"Meine Mutter war sehr hässlich. Alles andere hätte mein Großvater ihr nie erlaubt. 'Doofsein kannst du dir mit dem Gesicht wenigstens nicht erlauben', sagte er, und wie mit allem im Leben hatte er natürlich auch damit recht.
Also machte meine Mutter das, was sie am besten konnte: alle stolz. Mein armer Großvater konnte sich kaum entscheiden, welche ihrer tollen Begabungen das gesamte Gewicht seiner übersteigerten Erwartungen am meisten verdiente. Das Einzige, wozu meiner Mutter leider völlig das Talent fehlte, war die Liebe."
"Mehr Wunder als Kind", so hatte es sich der Großvater für die Mutter ausgedacht. Gefühle gewöhnt er ihr dabei vorsorglich ab. Dass die Mutter der Erzählerin ein Wunderkind ist, das steht schon vor ihrer Geburt fest – mehr Wunder als Kind, denn von der Kindheit hält der Großvater fast noch weniger als von der Schönheit. Hochintelligent, hochbegabt und nur ganz heimlich hochgradig einsam, ist die Mutter auf dem besten Weg, genau das Leben zu führen, das er sich für sie ausgedacht hatte. Doch unberechenbar schlägt die Liebe mit einer solchen Wucht zu, dass die Mutter ein halbes Leben braucht, um sich davon zu erholen.
Erst als ihre Mutter mit gerade einmal fünfzig Jahren krebskrank im Sterben liegt, beschließt sie, mit der Geheimnistuerei Schluss zu machen und ihrer Tochter aus ihrem Leben zu erzählen. Wie die junge Autorin Sarah Stricker dies in ihrem Debütroman schildert, wurde von den Literaturkritikern hoch gelobt. Nie war Hässlichkeit schöner, Liebe nie gemeiner und Sprache selten solch ein Fest.

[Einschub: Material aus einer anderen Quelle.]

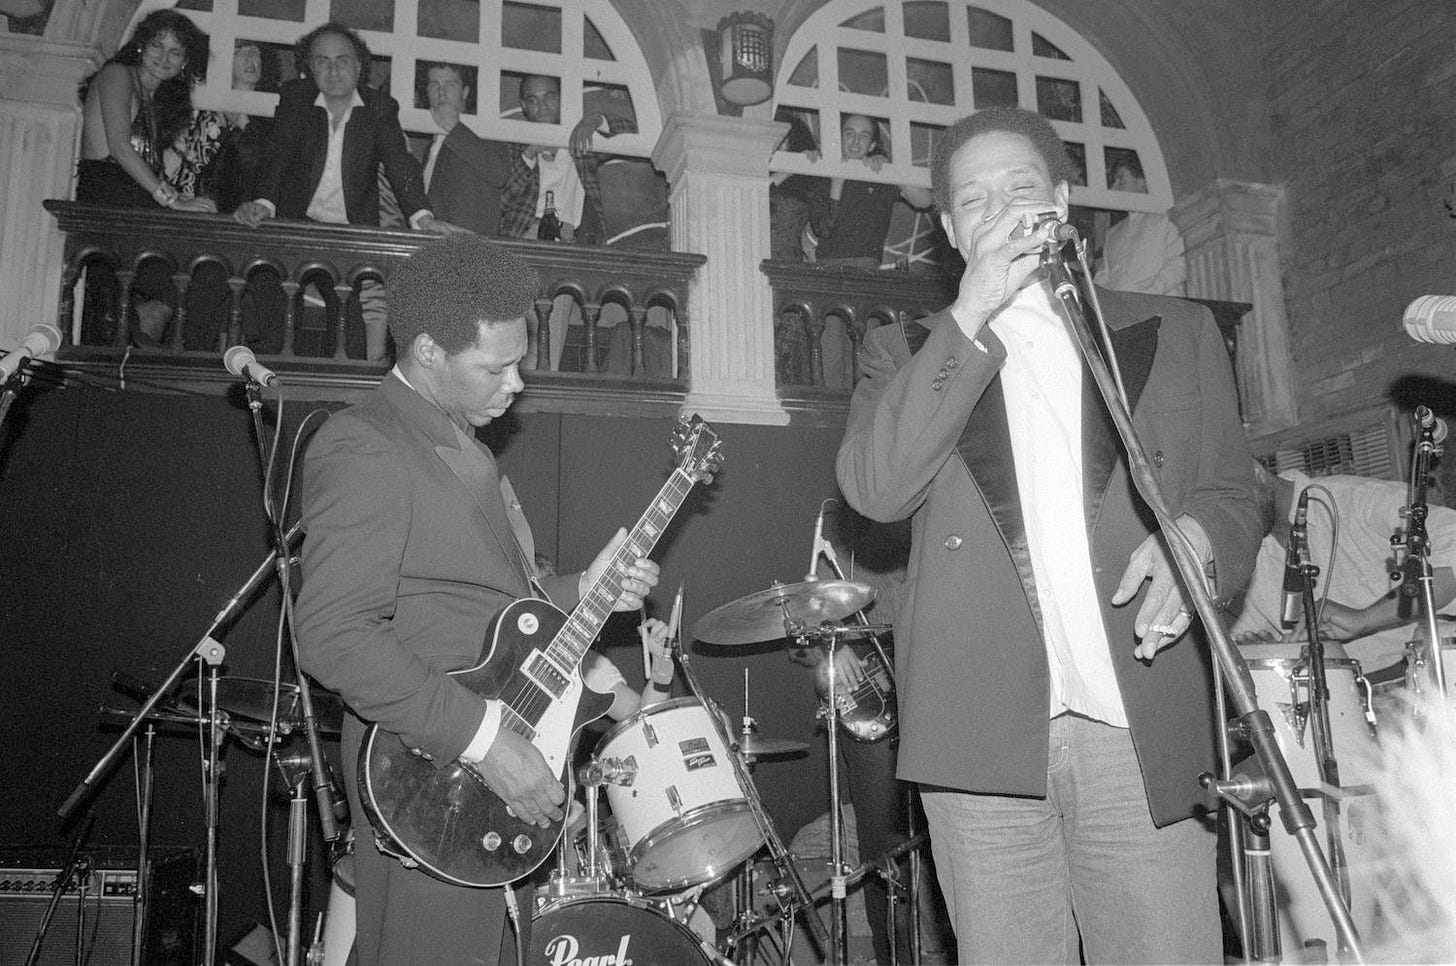 Nile Rodgers on Twitter: "Me and Al Jarreau performing at my birthday party  in '86. http://t.co/2JunE03cpg http://t.co/pLsU0mXPDL" / Twitter

Am Dienstag, dem 26. November, um 20 Uhr, wird Sarah Stricker im Triangel St. Vith aus ihrem preisgekrönten Buch "Fünf Kopeken" im Rahmen des Literatur-Festivals Lit.Eifel vortragen. Karten für die Lesung gibt es im Vorverkauf zum Preis von zwölf Euro (ermäßigt sechs Euro) bei ArsVitha und im Triangel.
Autorin
Geboren 1980 in Speyer, besuchte Sarah Stricker die Deutsche Journalistenschule in München und schrieb nach Einsätzen bei der taz und Vanity Fair für viele deutsche Zeitungen und Magazine (Süddeutsche Zeitung, Frankfurter Allgemeine, Neon). 2009 ging sie mit einem Stipendium nach Tel Aviv und blieb kurzerhand dort, sie berichtet für deutsche Medien über Israel und für israelische Medien über Deutschland. "Fünf Kopeken" ist ihr schriftstellerisches Debüt. Für einen Auszug daraus ist sie 2011 mit dem Martha-Saalfeld-Förderpreis ausgezeichnet worden.